Pretendemos estimular  a capacidade  de interpretar  criticamente nova informação,  relacioná-la com  o conhecimento  adquirido em  contextos muito  diferentes,  construir  autonomamente  uma visão  do  mundo,  e sujeitá-la a constante reformulação. Esta atitude é não só fértil, mas indispensável  muito para  além da  aula  de ciência,  onde o  diálogo continua a ter  um papel fundamental.  Mas nem todas  as conversas são diálogo. A  Internet multiplicou exponencialmente as  oportunidades de debater,  mas é  também responsável  por ter  acelerado o  processo de segregação ideológica e a difusão  das fraudes inteletuais.  A maioria das pessoas que  pesquisa em Internet opiniões opostas às  suas, não o faz  para   se  questionar,   mas  sim   para  identificar   depressa  e superficialmente as falhas do adversário ideológico e denegri-lo.

Como podemos avançar para algo  de mais interessante?  Existem hábitos úteis  para  esse  efeito.   Assumir  os  erros  e  mudar  de  opinião conservando a dignidade e o  prazer na conversa, encoraja mais pessoas a  fazer a  mesma coisa,  torna as  divergências menos  ameaçadoras, e favorece a procura das melhores opiniões que contradizem o nosso ponto de vista.  Isto não evitará que encontremos opiniões mal fundamentadas e  prejudiciais.  Nestes  casos  também será  importante respeitar  os defensores dessas ideias, e opor-lhes argumentos, não acusações. Desta forma ajudaremos  o nosso interlocutor  a evitar duas  reações opostas mas igualmente indesejáveis:  a resistência, isto é,  a defesa teimosa da posição  inicial, ou em  alternativa um  seu abandono devido  a uma preocupação social  antes que a  uma tomada de  consciência.  Contudo, existem  pessoas com  as quais  a atitude  mais aberta,  diplomática e lúcida, e os argumentos mais  incontestáveis, não são suficientes para ultrapassar – e até  alimentam –  o fechamento e  a agressividade gratuita. É  imprescindível  manter também  com  estas  personagens uma  postura construtiva, para  que os nossos  modos, e  não os delas,  fascinem os demais.  É uma ótima oportunidade  para treinar a nossa paciência, mas não recomendo treinos demasiado árduos, podem ser contraproducentes.
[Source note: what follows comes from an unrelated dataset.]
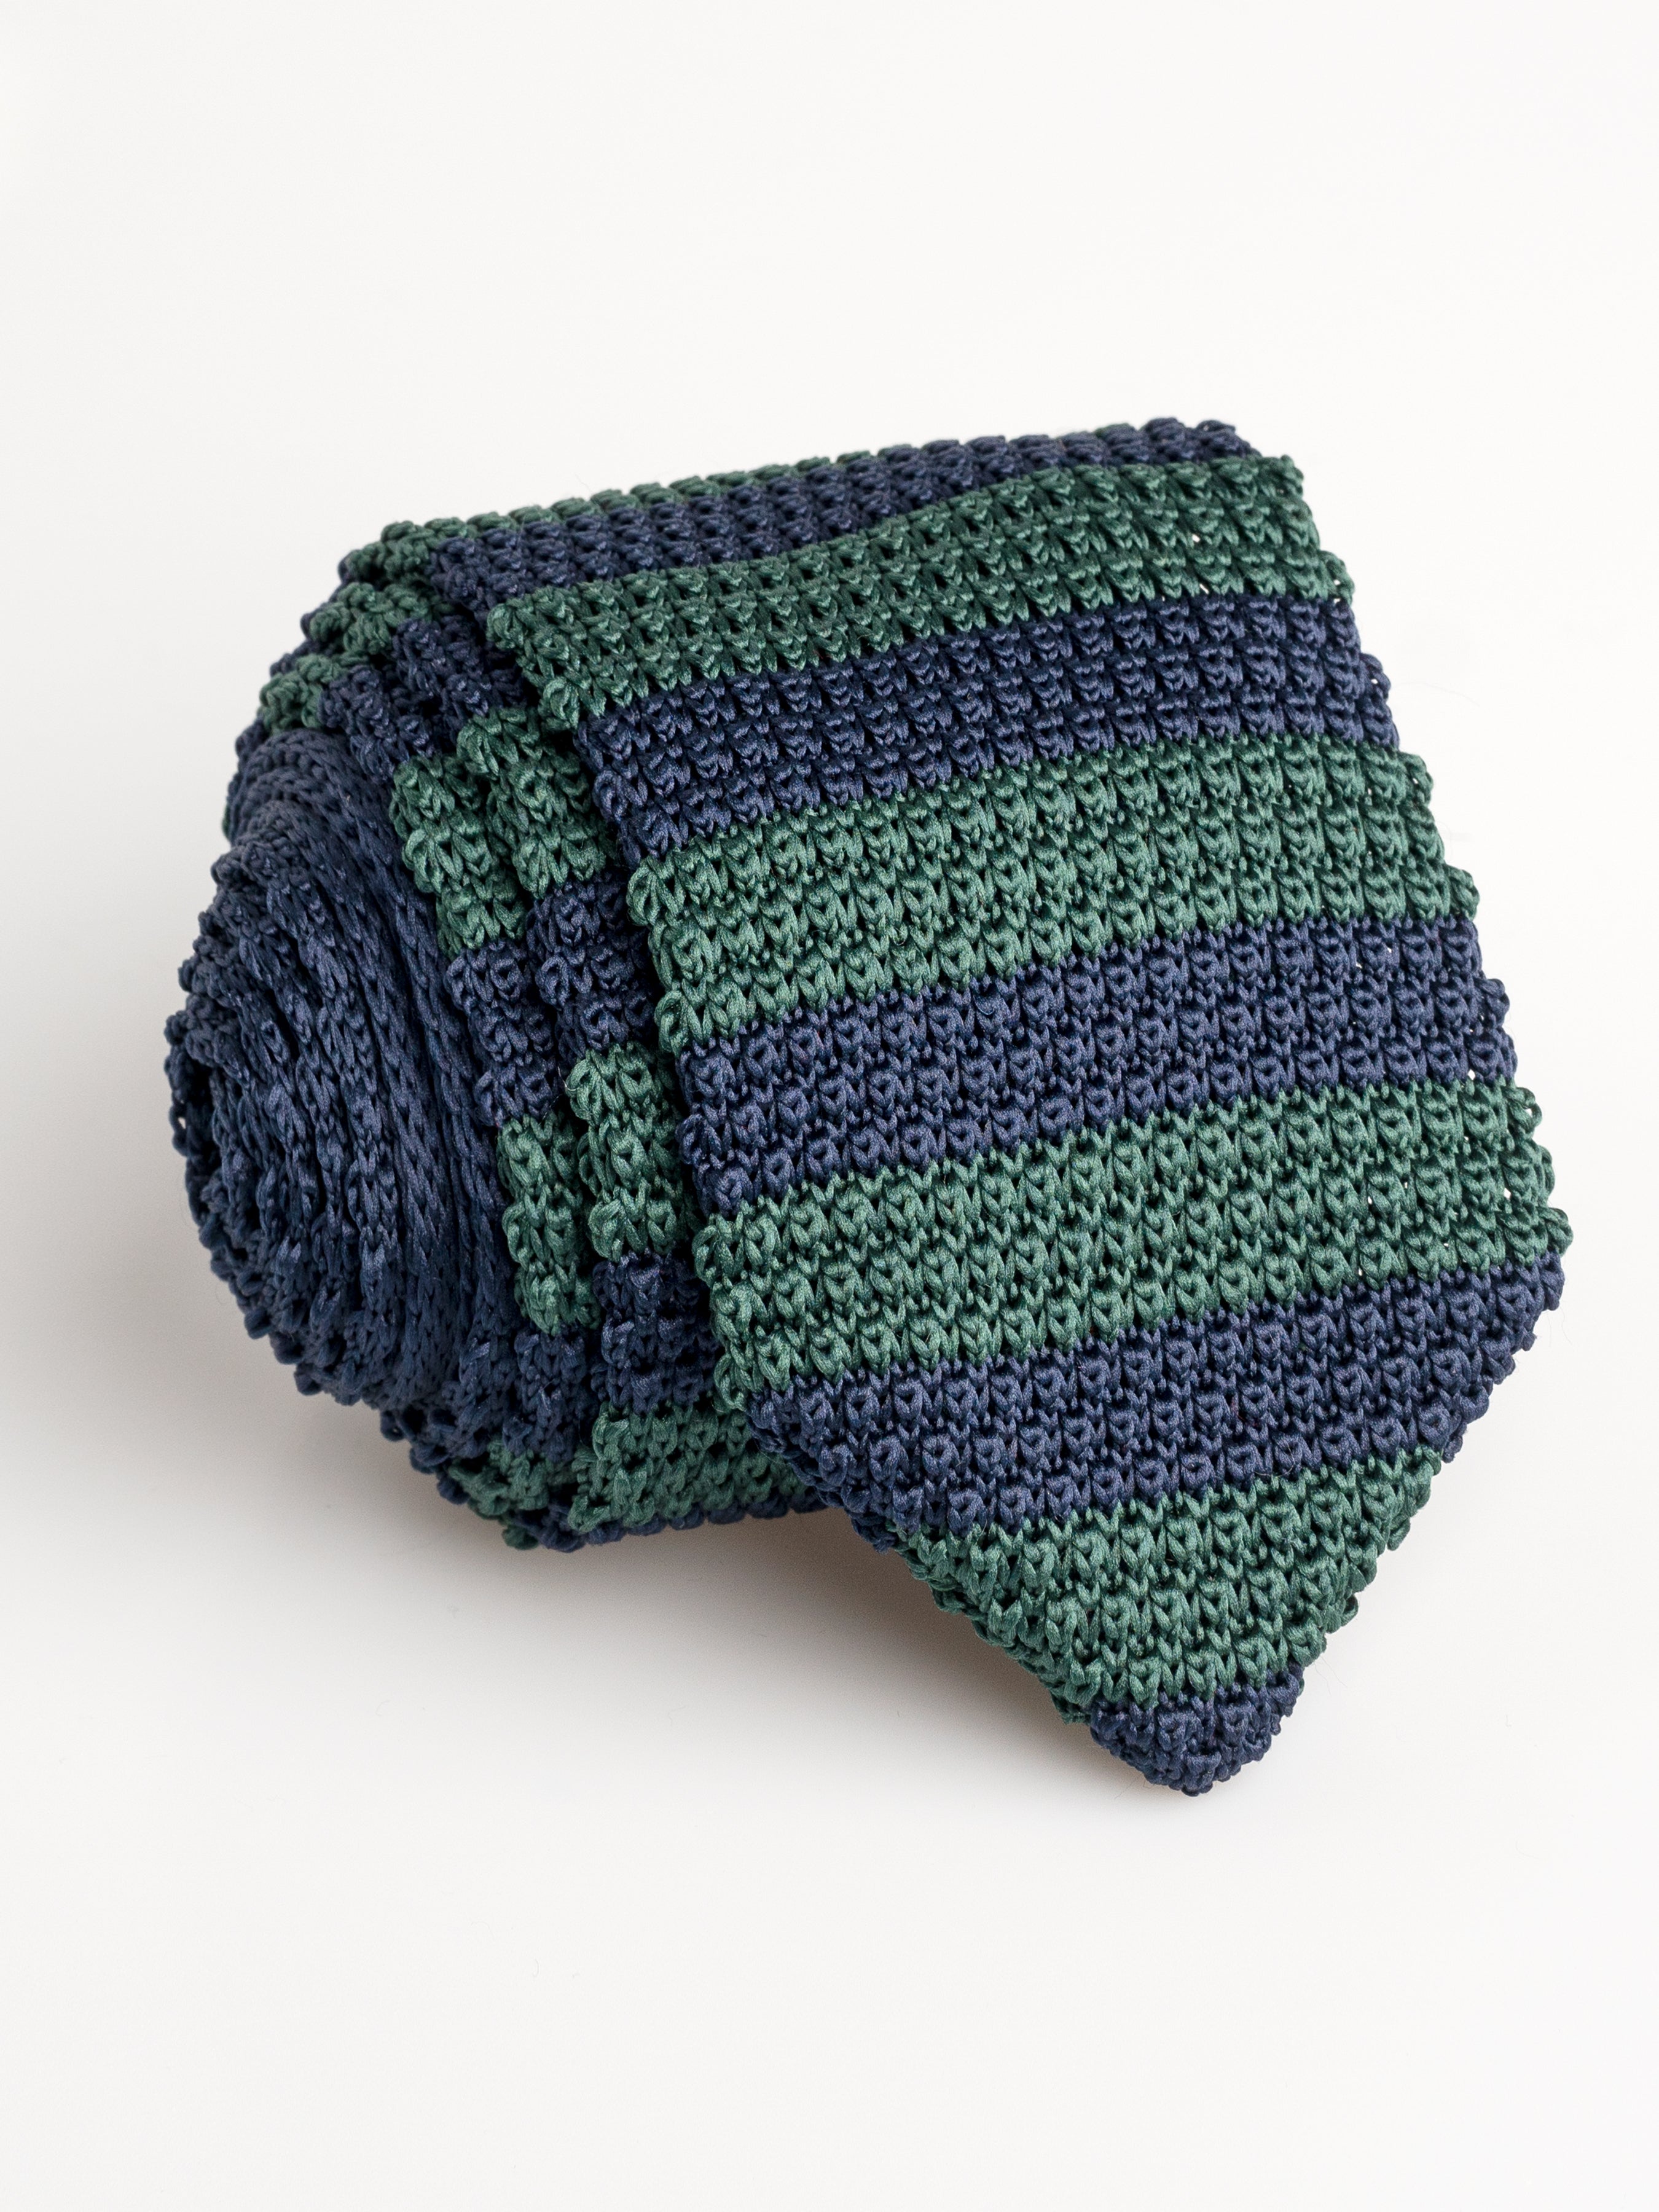 Knit Tie - Navy Blue With Green Stripes

Respeitar as pessoas que exprimem  convicções que achamos ofensivas, é muitas vezes  a maneira  mais inteligente e  eficaz de  combater essas convicções.  Analogamente  a o que  acontece numa aula, poder  errar à vontade aumenta  a possibilidade  de corrigir o  erro.  Não  é preciso reconhecer a  legitimidade duma teoria para  reconhecer a legitimidade da sua  defesa. Admito que existem  casos muito controversos, e  que a conduta  que advoguei  não é  necessariamente a  mais apropriada  para qualquer  situação.    Mas  a  tendência  a   censurar  com  demasiada ligeireza,   é  decididamente   o   que  carateriza   a  maioria   das controvérsias.

No âmbito de KEY 1.0, não  teremos a oportunidade de expandir a função da discussão  construtiva para  um contexto mais  abrangente do  que a aula de ciência, mas incentivaremos  muitas das competências sociais e inteletuais necessárias  para que os  alunos e alunas possam  dar este passo. Esperamos num pleno sucesso  de KEY 1.0, para depois avançarmos para fases sucessivas com objetivos mais ambiciosos.

Giancarlo Pace

Coordenador Equipa Key 1.0.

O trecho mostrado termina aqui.